Liberal group requests public hearing into Florida’s request for healthcare law waiver
The liberal group Health Care for America Now is asking federal regulators to hold a hearing on Florida's request for a waiver from the healthcare reform law.
HCAN says the Sunshine State's request for a waiver from the law's medical loss ratio provision would deny Florida families $140 million in consumer rebates through 2013. The group is requesting that the Department of Health and Human Services (HHS) "conduct a public hearing to finally allow testimony from witnesses representing consumers to become part of the record."
"Due to the serious defects in the state's request and the significant consumer impact that would result if granted," HCAN Executive Director Ethan Rome wrote to HHS Secretary Kathleen Sebelius, "we are writing to ask that HHS hold a public hearing to ensure that Florida's request receives the rigorous, open review it deserves."
The Florida Office of Insurance Regulation held a public hearing on the medical loss ratio on Sept. 24, 2010, and used testimony from that hearing to buttress its waiver request. But Rome's letter argues that "event was not a public hearing in any sense of the term."

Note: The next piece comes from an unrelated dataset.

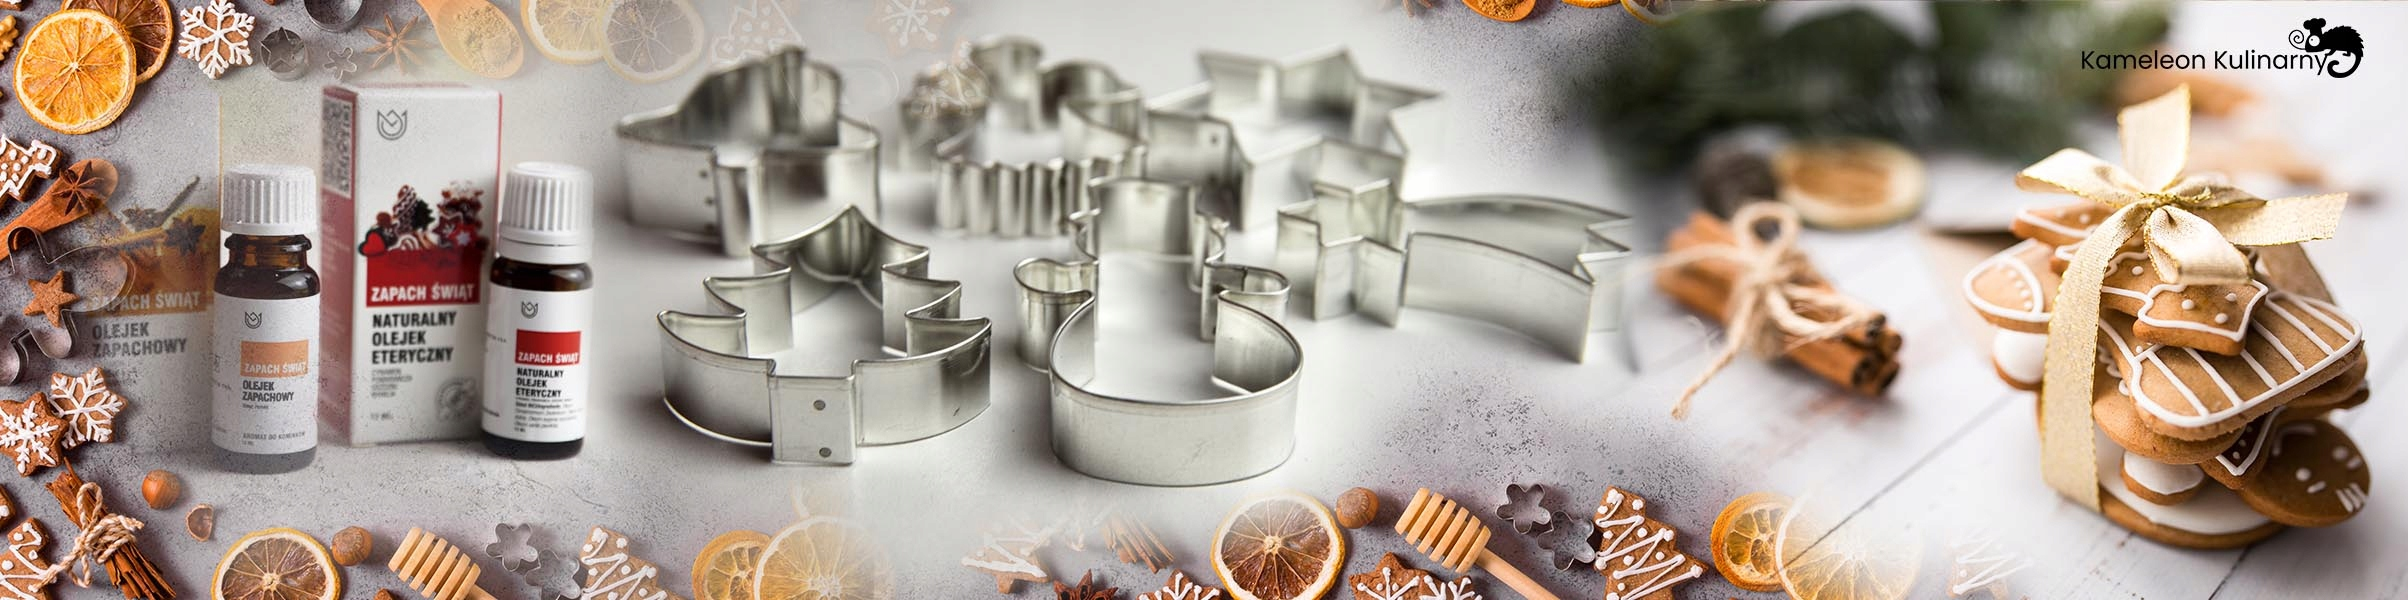 FOREMKA LIS LISEK WYKRAWACZ metalowy D CIASTEK 7,2 Materiał metal

"It was held with less than one day's notice," Rome writes. "There was no 'unanimity of all interested parties' since consumers were not even allowed to speak. Four representatives of insurance companies and one representative of agents and brokers testified at the invitation of the Florida Office of Insurance Regulation (FLOIR). No consumers were invited and the record was closed before the consumers who did attend were given the opportunity to speak."
Public comments on Florida's waiver request, as well as Michigan's, are due to HHS today.